COLLECTED MATERIAL -
□ □ □
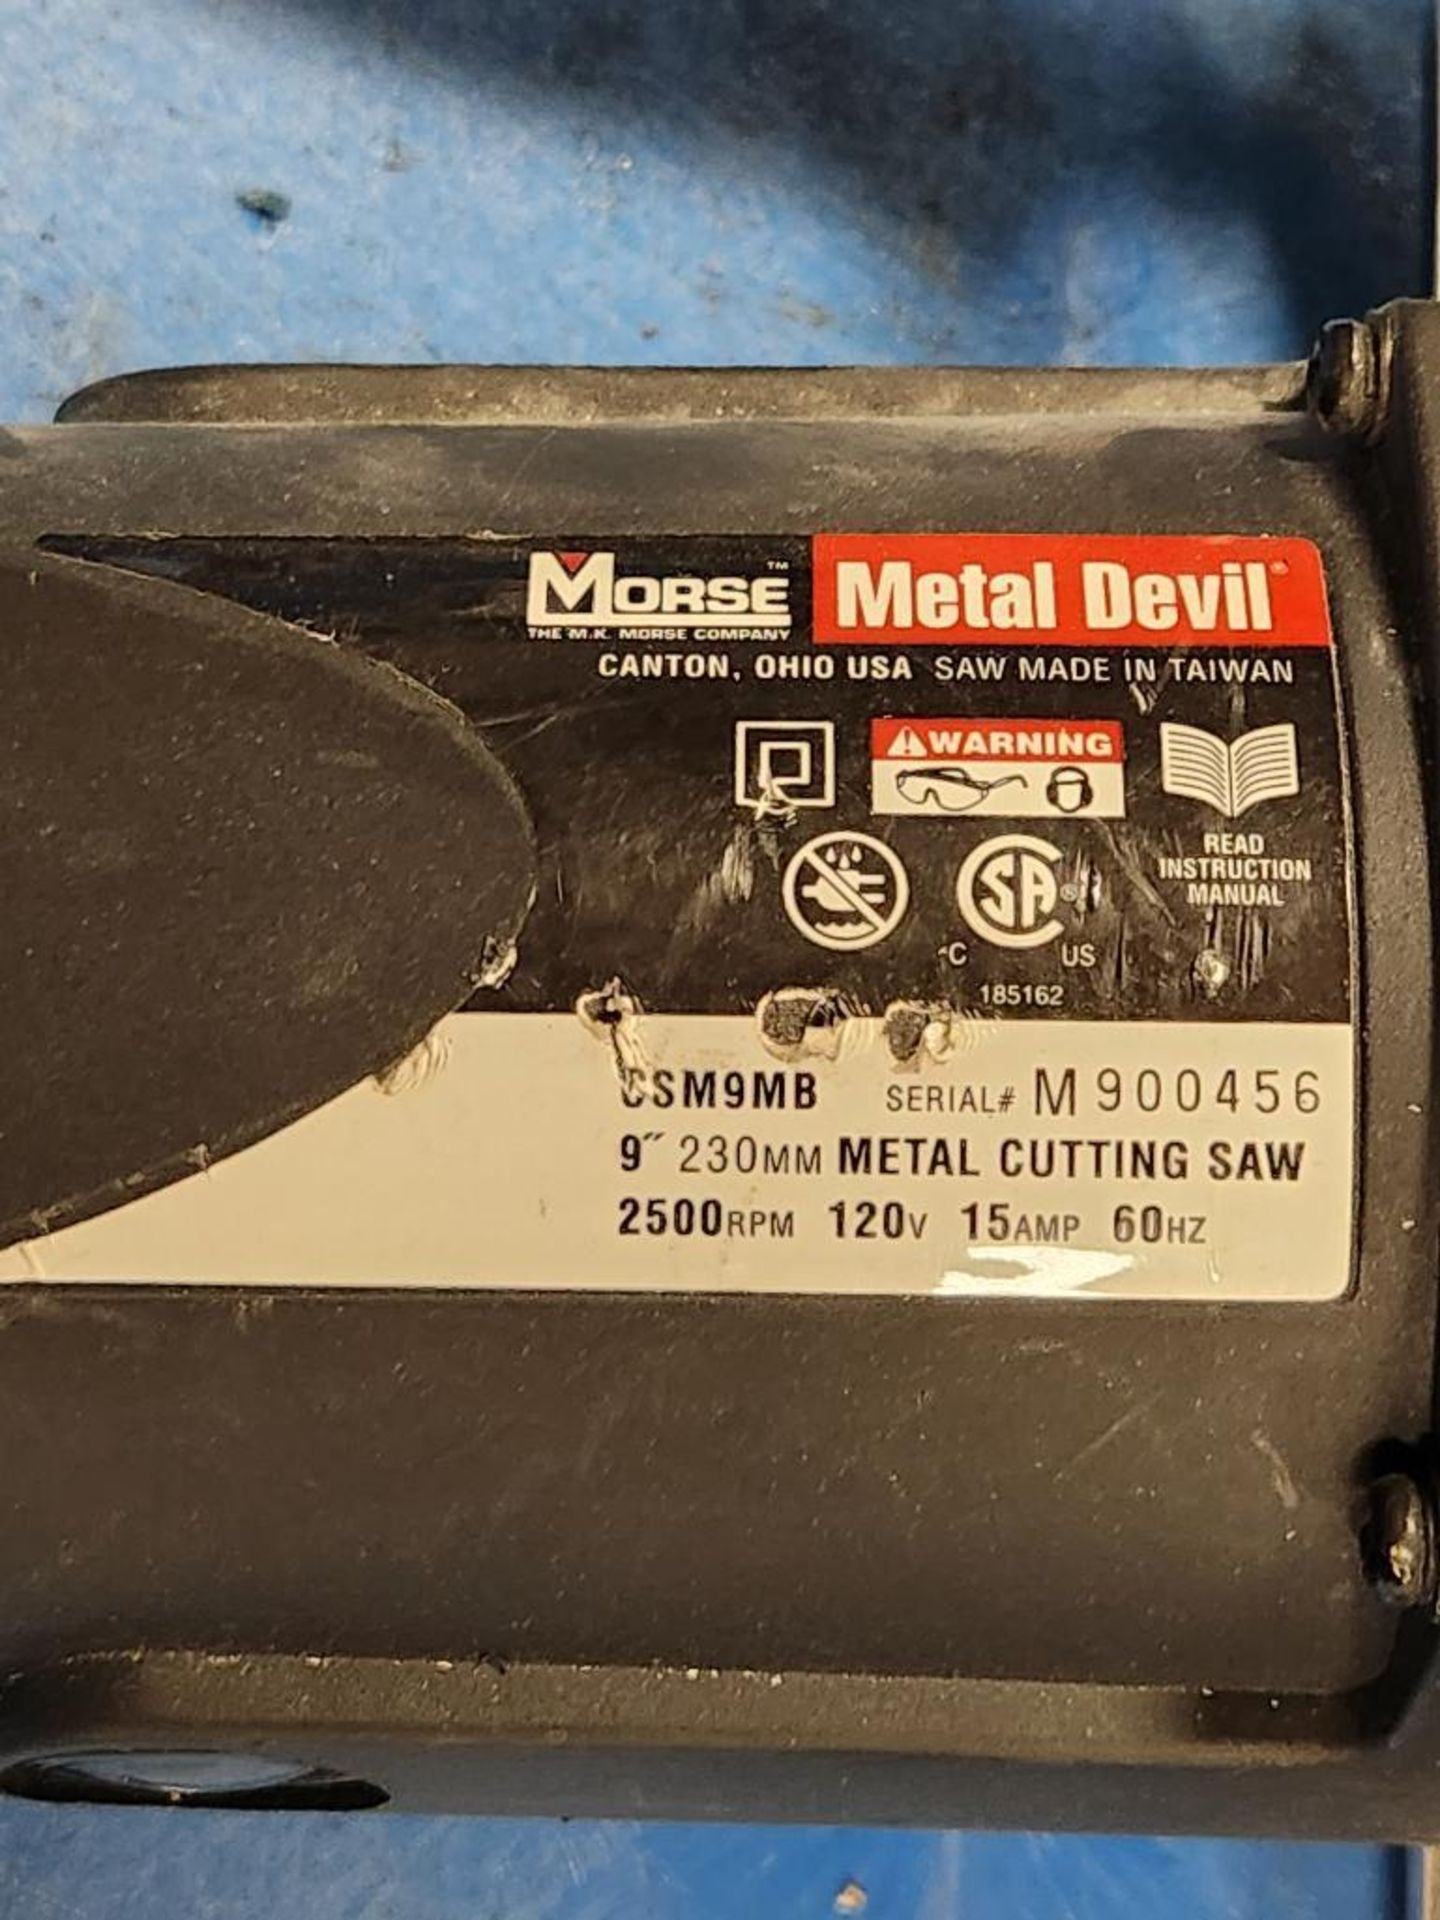 Morse Metal Devil 9" TCT Metal Cutting Circular Saw, Model CSM9MB, S/N M900456 - Image 3 of 6
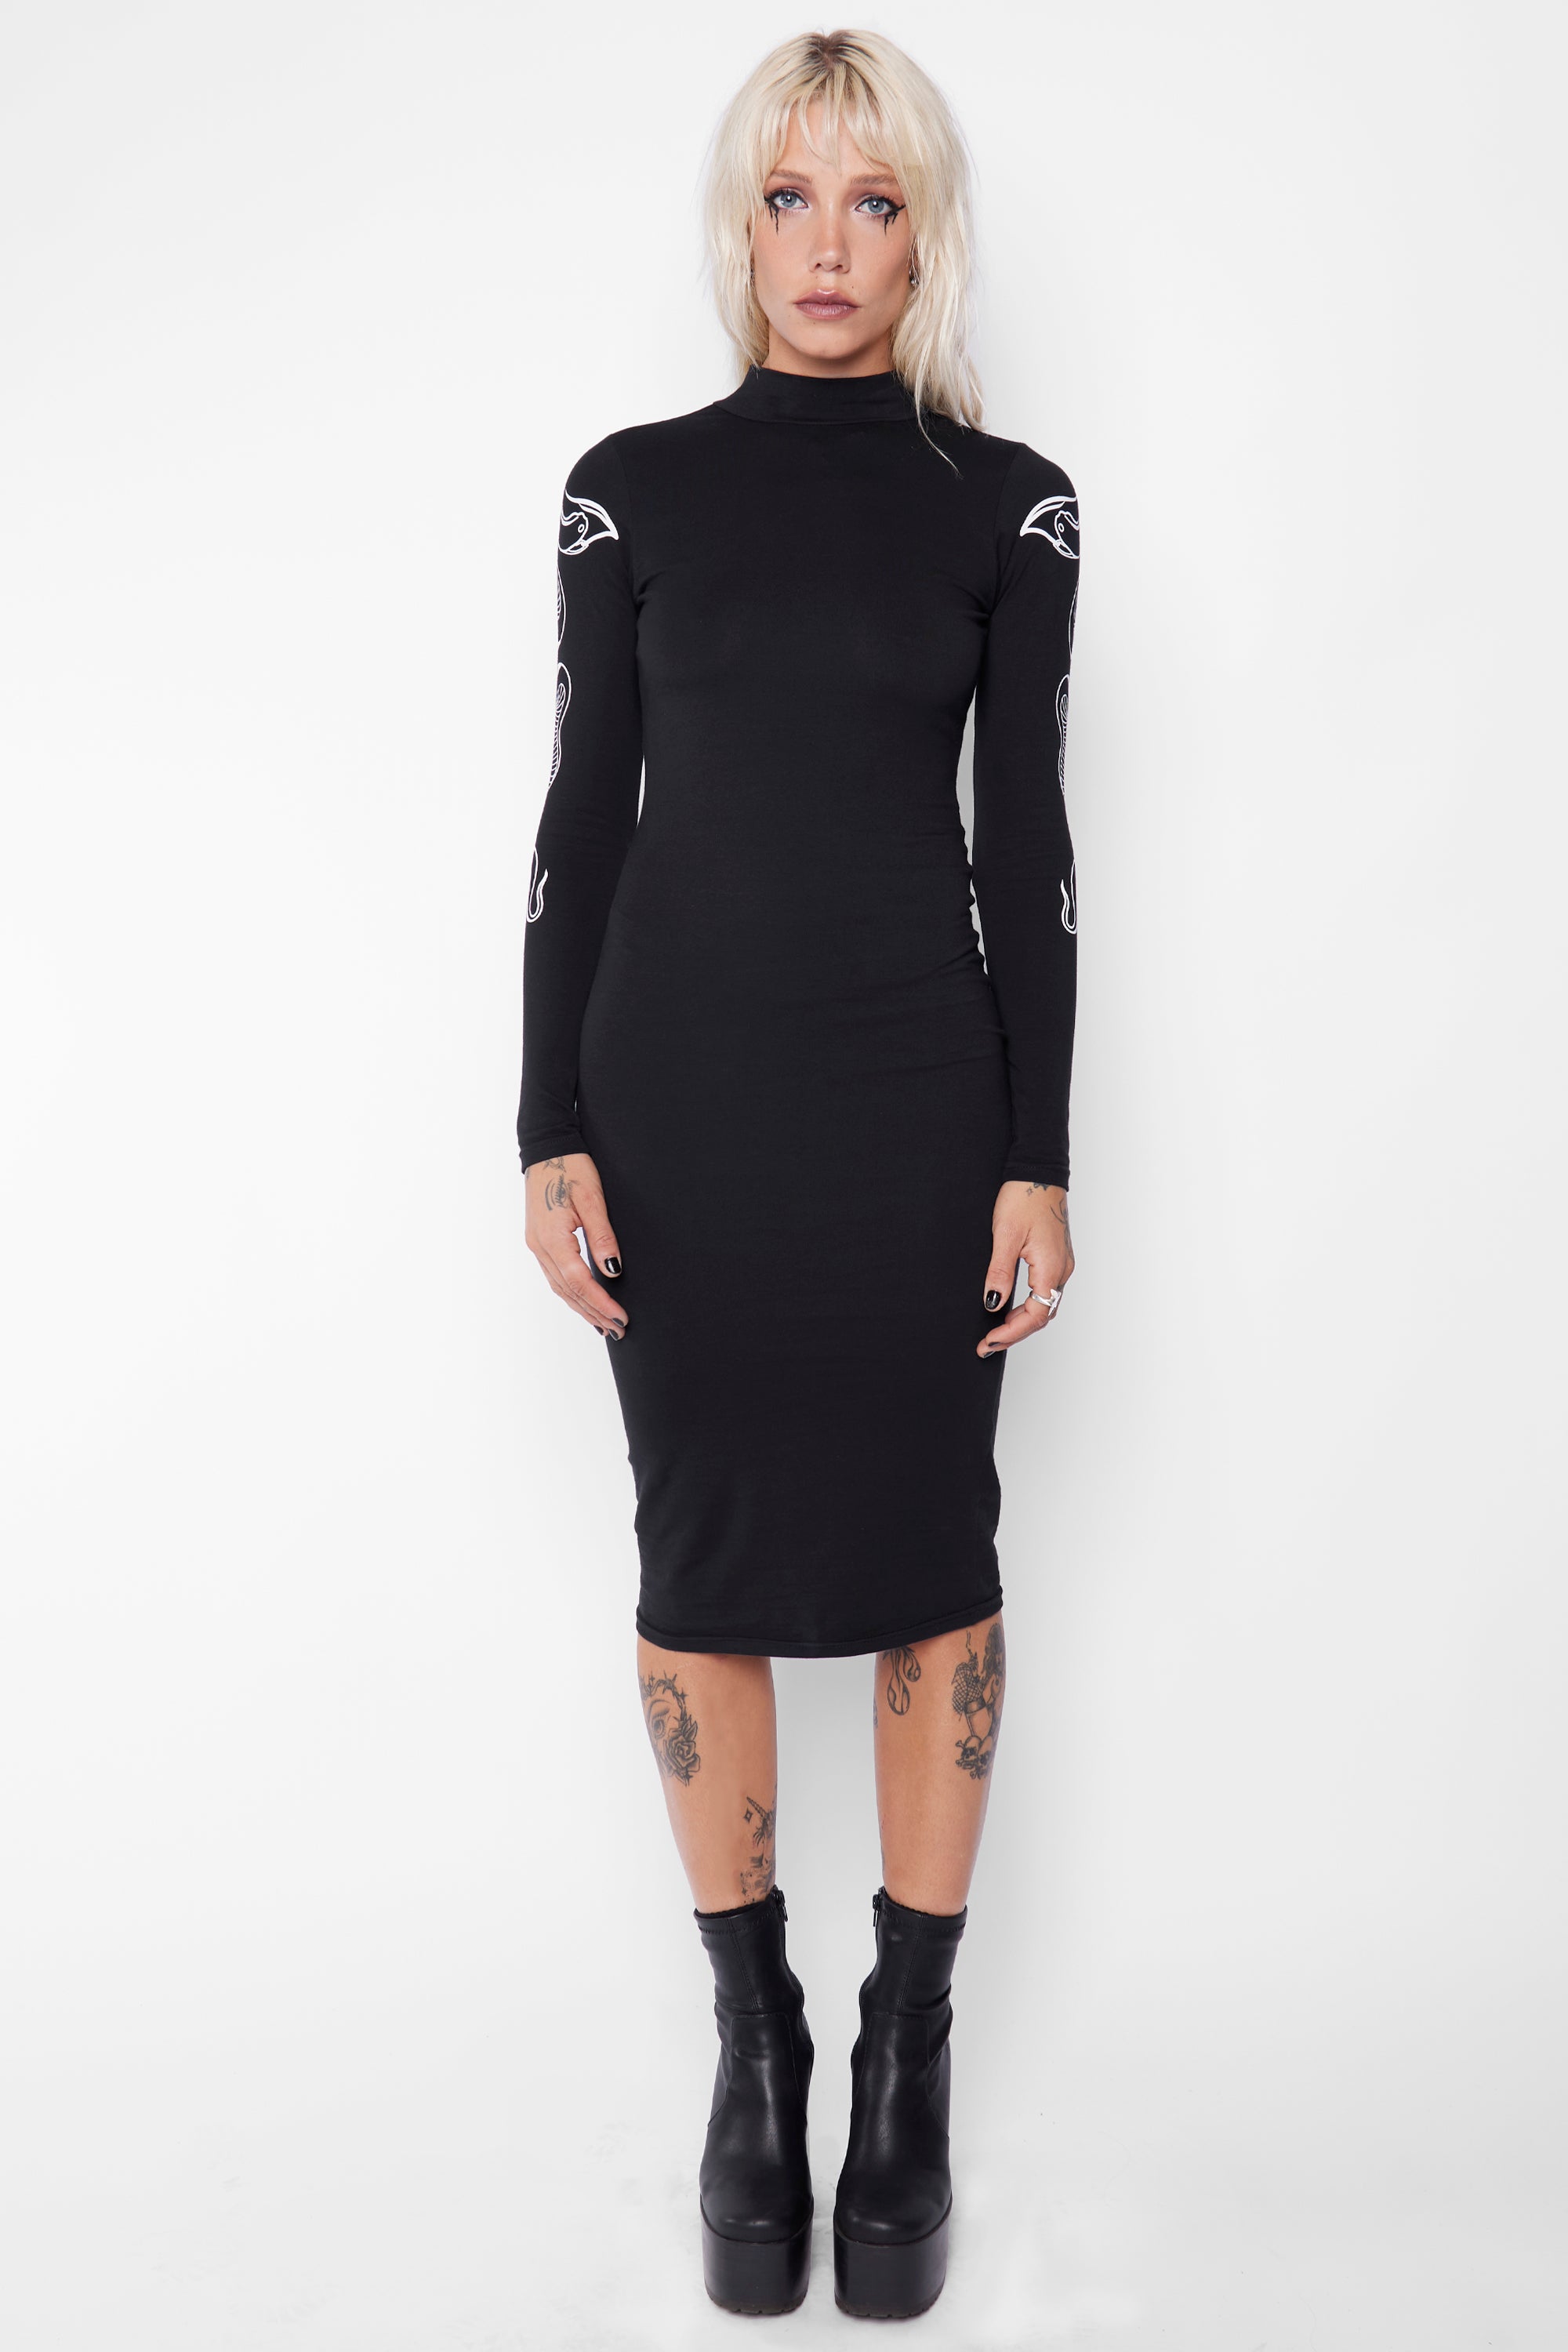 Paradigm High Neck Midi Dress - Mary Wyatt London
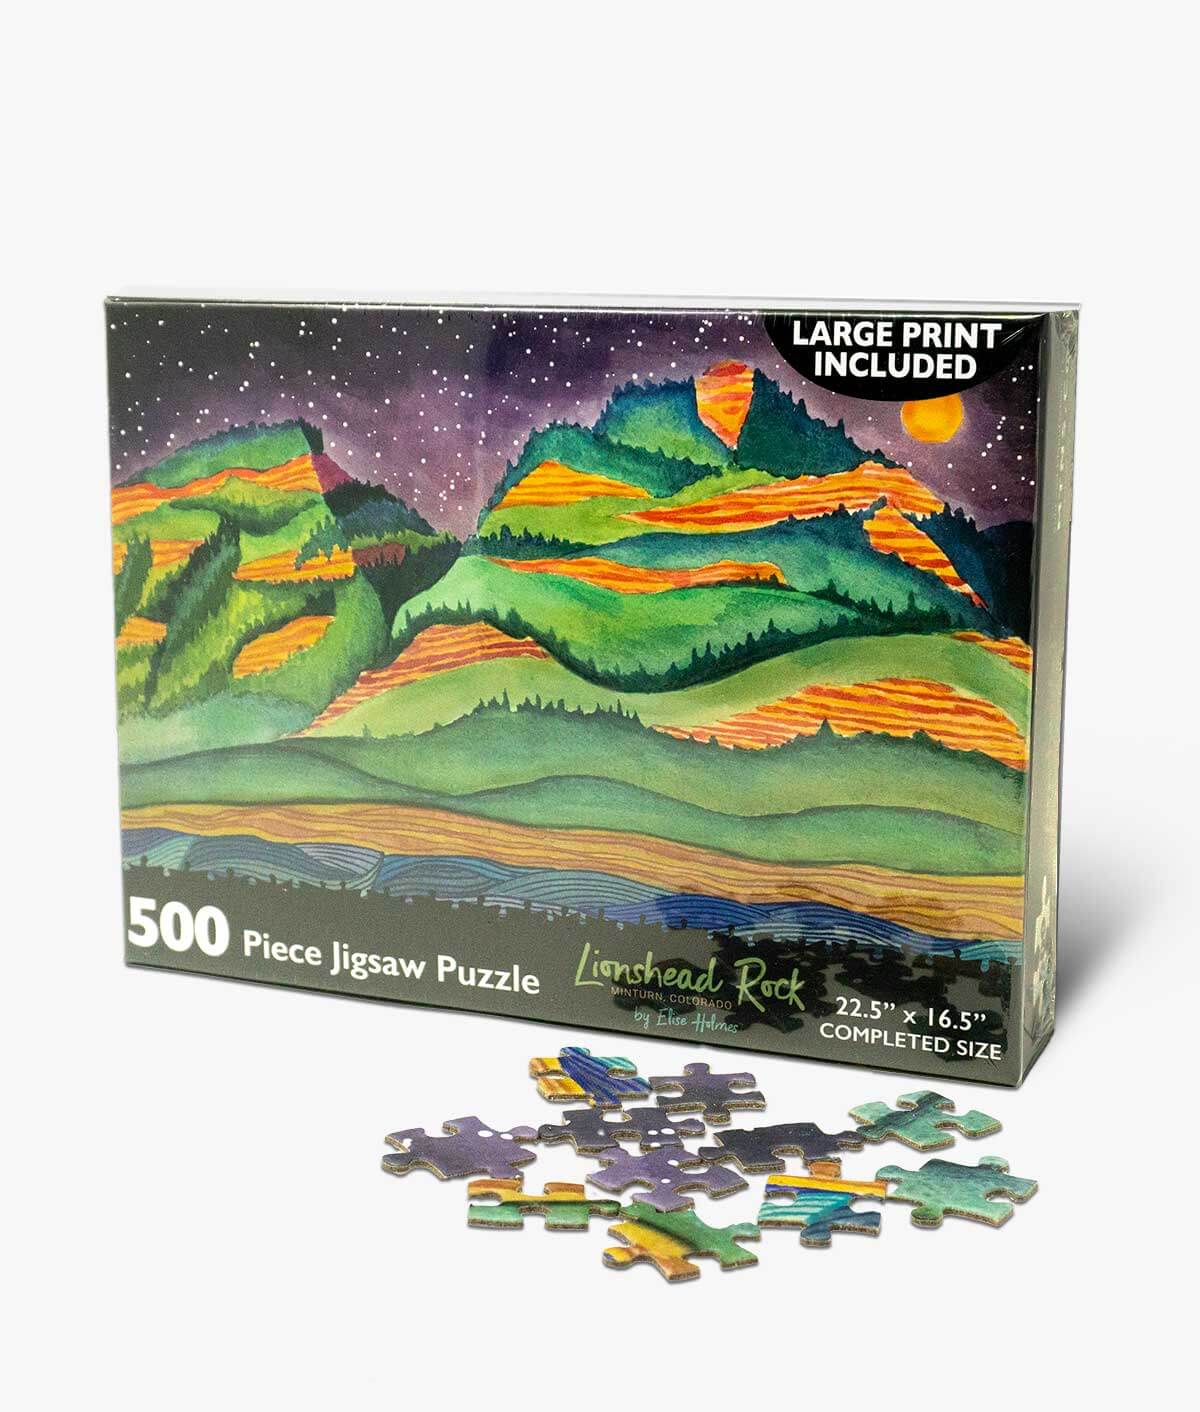 Gore Range Jigsaw Puzzle | 1000 Piece Jigsaw Puzzle
□ □ □
DIRECTIONS FOR THIS TASK - Copy the full listing above exactly, apart from the pictures.

ANSWER BELOW -
 Morse Metal Devil 9" TCT Metal Cutting Circular Saw, Model CSM9MB, S/N M900456 - Image 3 of 6
 Paradigm High Neck Midi Dress - Mary Wyatt London
 Gore Range Jigsaw Puzzle | 1000 Piece Jigsaw Puzzle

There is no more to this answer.